Let’s Celebrate!

Religion

Laughter. Food. Fellowship. Music, dancing, clapping. Shouting! Rejoicing and Celebrating. These are all things that God loves. Sounds like a party.
The Scriptures are full of stories about celebrations and special occasions. These special times are meant to be remembered. Often specific days are set apart. Work stops. Friends and family gather from far away places. Memories are created. Plans are made to repeat the celebration the next year. The day is marked on the calendar. It’s a date everyone looks toward with anticipation.

When God delivered Israel from Egypt, He wanted them to remember it for all of history. It was such a significant event in the national life that God told Moses: This month shall be unto you the beginning of months: it shall be the first month of the year to you. Exodus 12:2

Deliverance was promised. Freedom was assured. Time started over. Israel’s life was just beginning. After an elaborate time of preparation, a special meal and ceremony, the exodus began. And then they threw a party. (Exodus 15)

One year later – to the day – God gave another demonstration of His presence to His people.

That first year in the wilderness was trying. There was the brush with the army from Egypt and the miracle of passing through the Red Sea. There was hunger and thirst, and seeing God’s provision for each.
There was the golden calf while Moses was with God on the mountain, and the new law, the ten commandments.

But on the first day of the first month of the second year, Moses erected the tabernacle.

And it came to pass in the first month in the second year, on the first day of the month, that the tabernacle was reared up. Exodus 40:17

This tabernacle was a visible reminder that God was always with His people. It, and the temple that came later in Israel’s history, became the center of the spiritual life of God’s people. A place of offerings, celebrations, gathering.
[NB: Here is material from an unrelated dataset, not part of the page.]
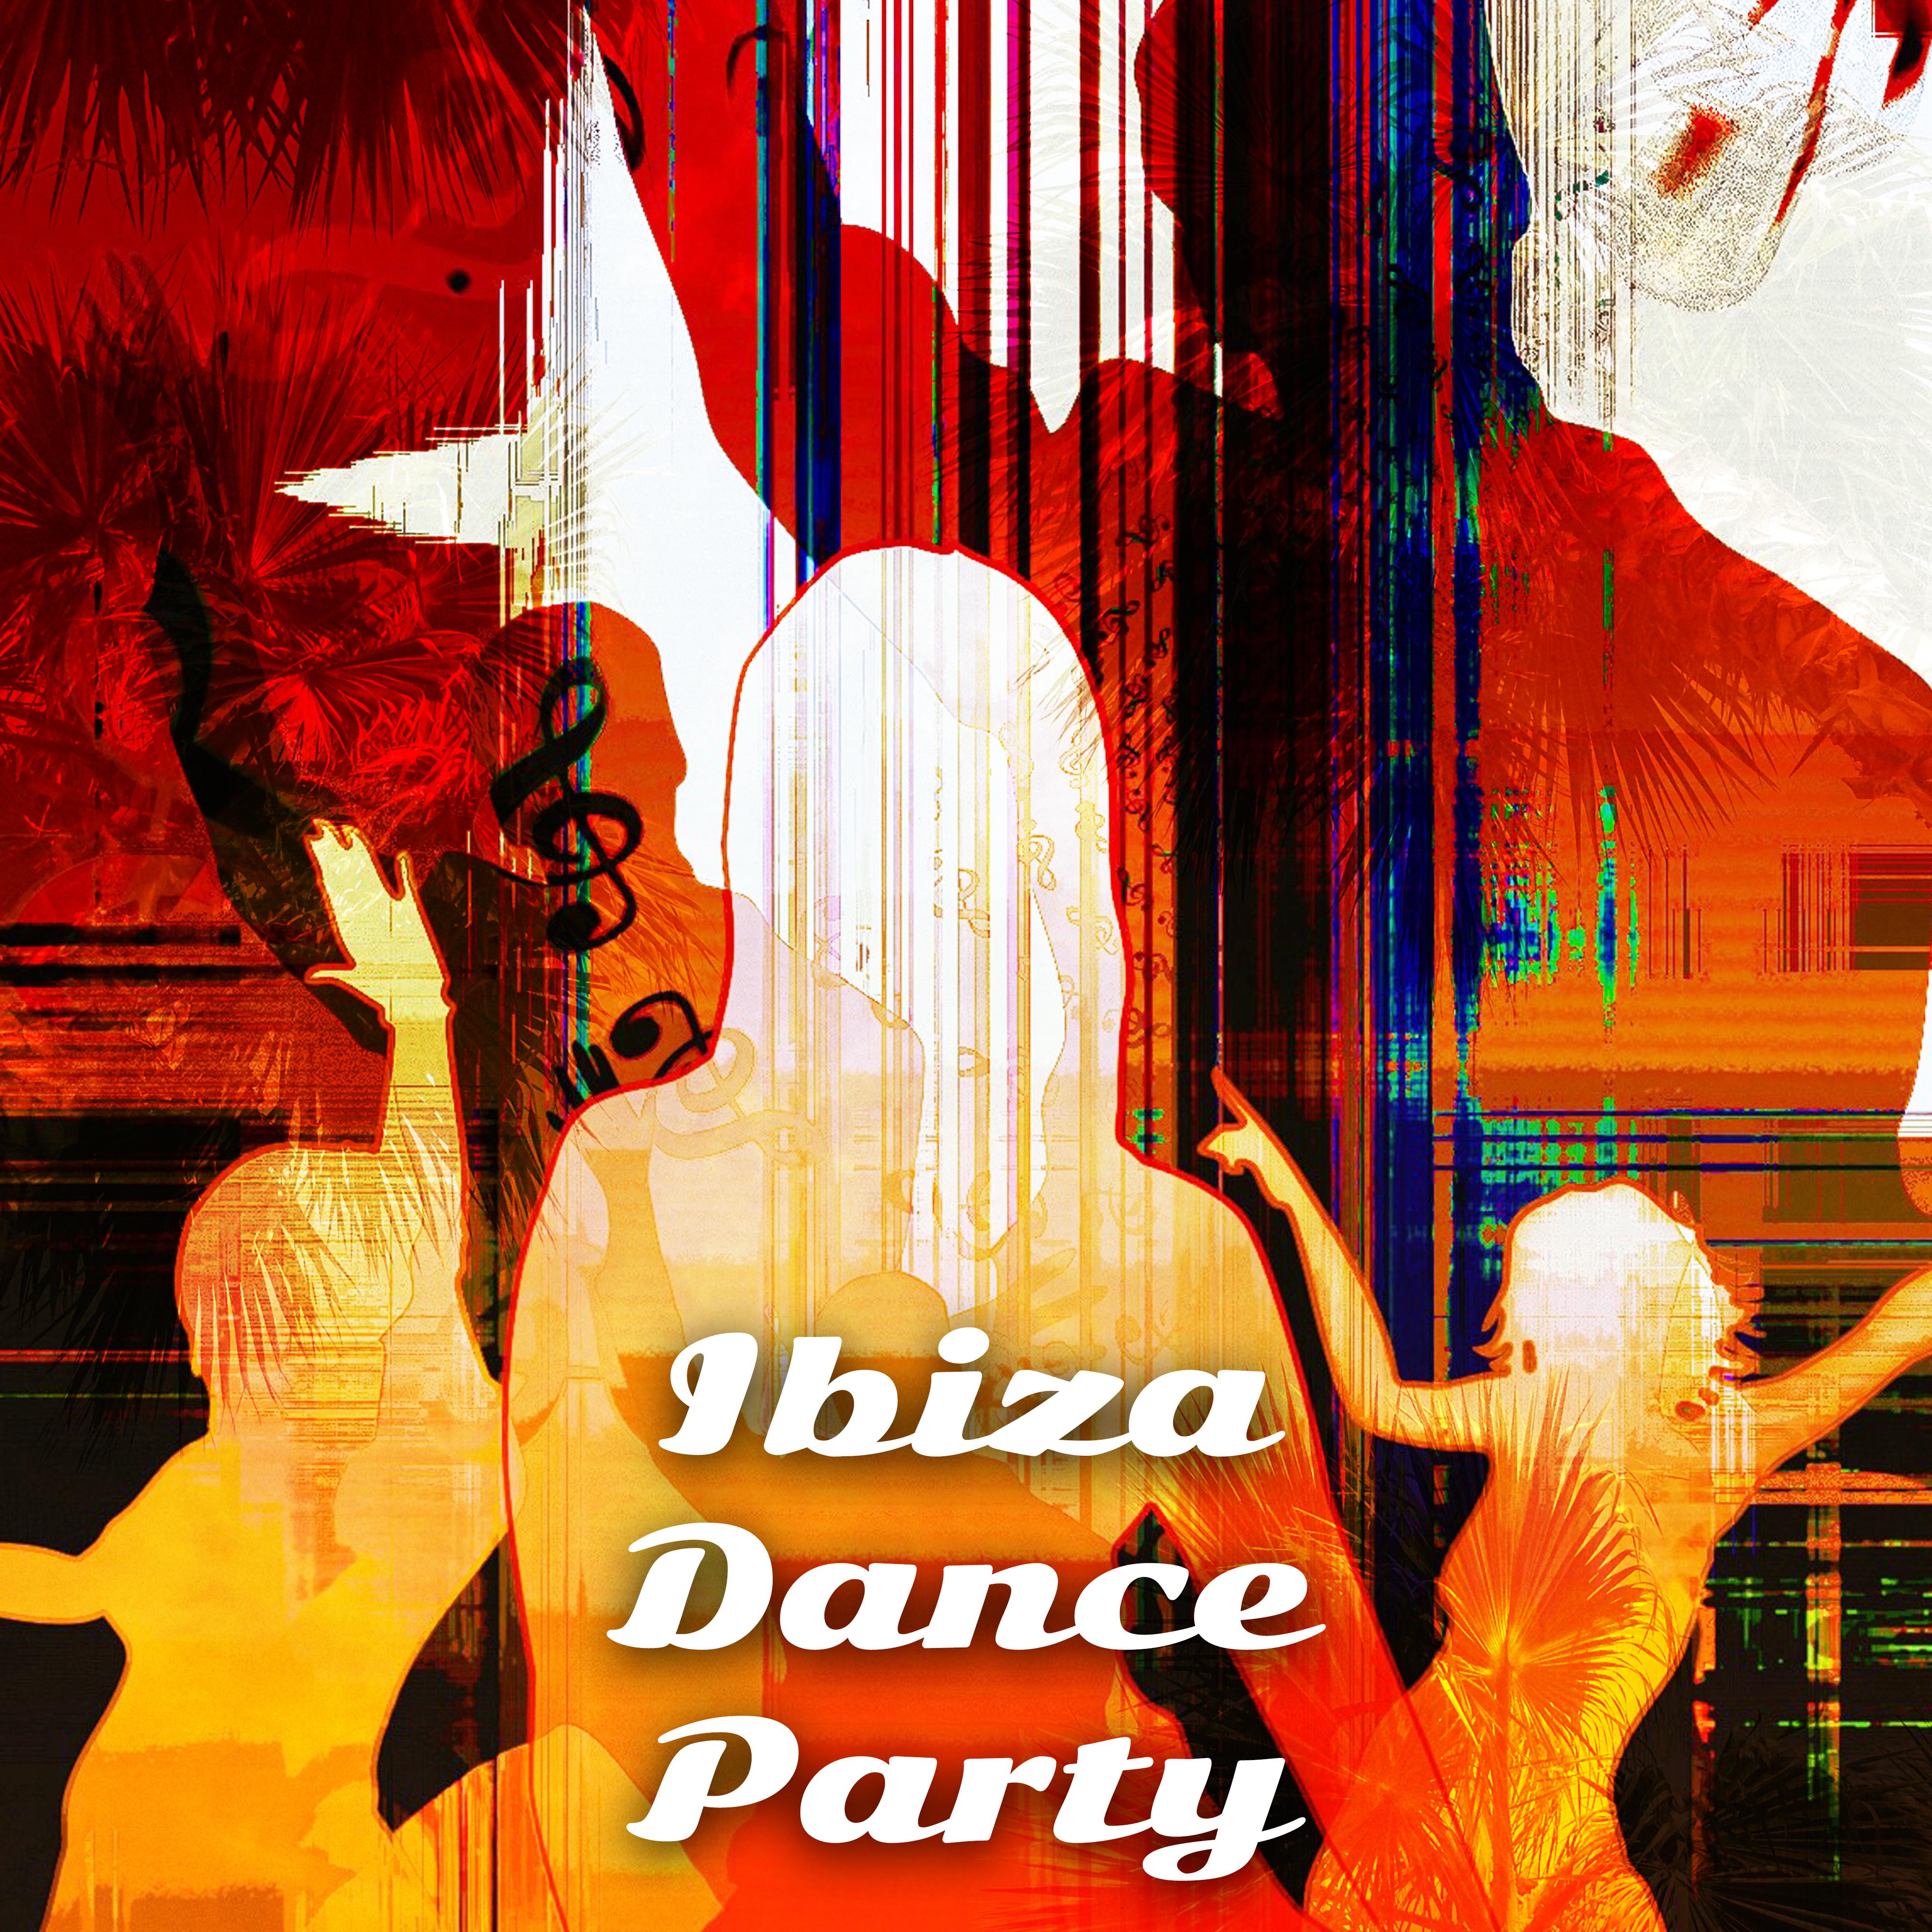 Ibiza Dance Party  Summer Chill, Dancefloor, Time to Party, Beach Chill,  Vibes, Electronic Music, Holiday Chill Out 2017

A place of rejoicing, singing, worship.

God wants His people to anticipate, then remember, historic days in their spiritual journey.

It is not insignificant that, in God’s creative work at the beginning of the world as we know it, He made the light on the first day.

And God called the light Day, and the darkness he called Night. And the evening and the morning were the first day. And God called the light Day, and the darkness he called Night. And the evening and the morning were the first day. “ Genesis 1:5

Some time later, we — God’s creations and His delight — had so corrupted everything He made good, God chose to start fresh with one good family. A flood wiped everything away except what God specially preserved, and He started again. On a special day.

And it came to pass in the six hundredth and first year, in the first month, the first day of the month, the waters were dried up from off the earth: and Noah removed the covering of the ark, and looked, and, behold, the face of the ground was dry. Genesis 8:13

These events were each on the 1st day of the 1st month. New beginnings. New creations. New opportunities. At the beginning of a new year.

There are many other events recorded on specific days throughout the Scriptures. And, of course, celebrations need not be restricted to once a year. Jesus appeared to his disciples after his crucifixion on the first day of the week, then again the first day of the following week. And Christians continue this tradition – gathering in His name to celebrate His and our new life – each week.

If you are a follower of Jesus Christ, I invite you to gather with a group of His followers this week, on the first day of the first month of a brand new year, to celebrate. And if you are not a follower of Jesus Christ, I invite you to seriously consider His claims and how – if His claims are true – you should live your life. It may be time for a next start.

This Sunday, the first day of the first month of a brand new year could mark the beginning of a brand new life for you. And that would be cause for serious and repeated celebration.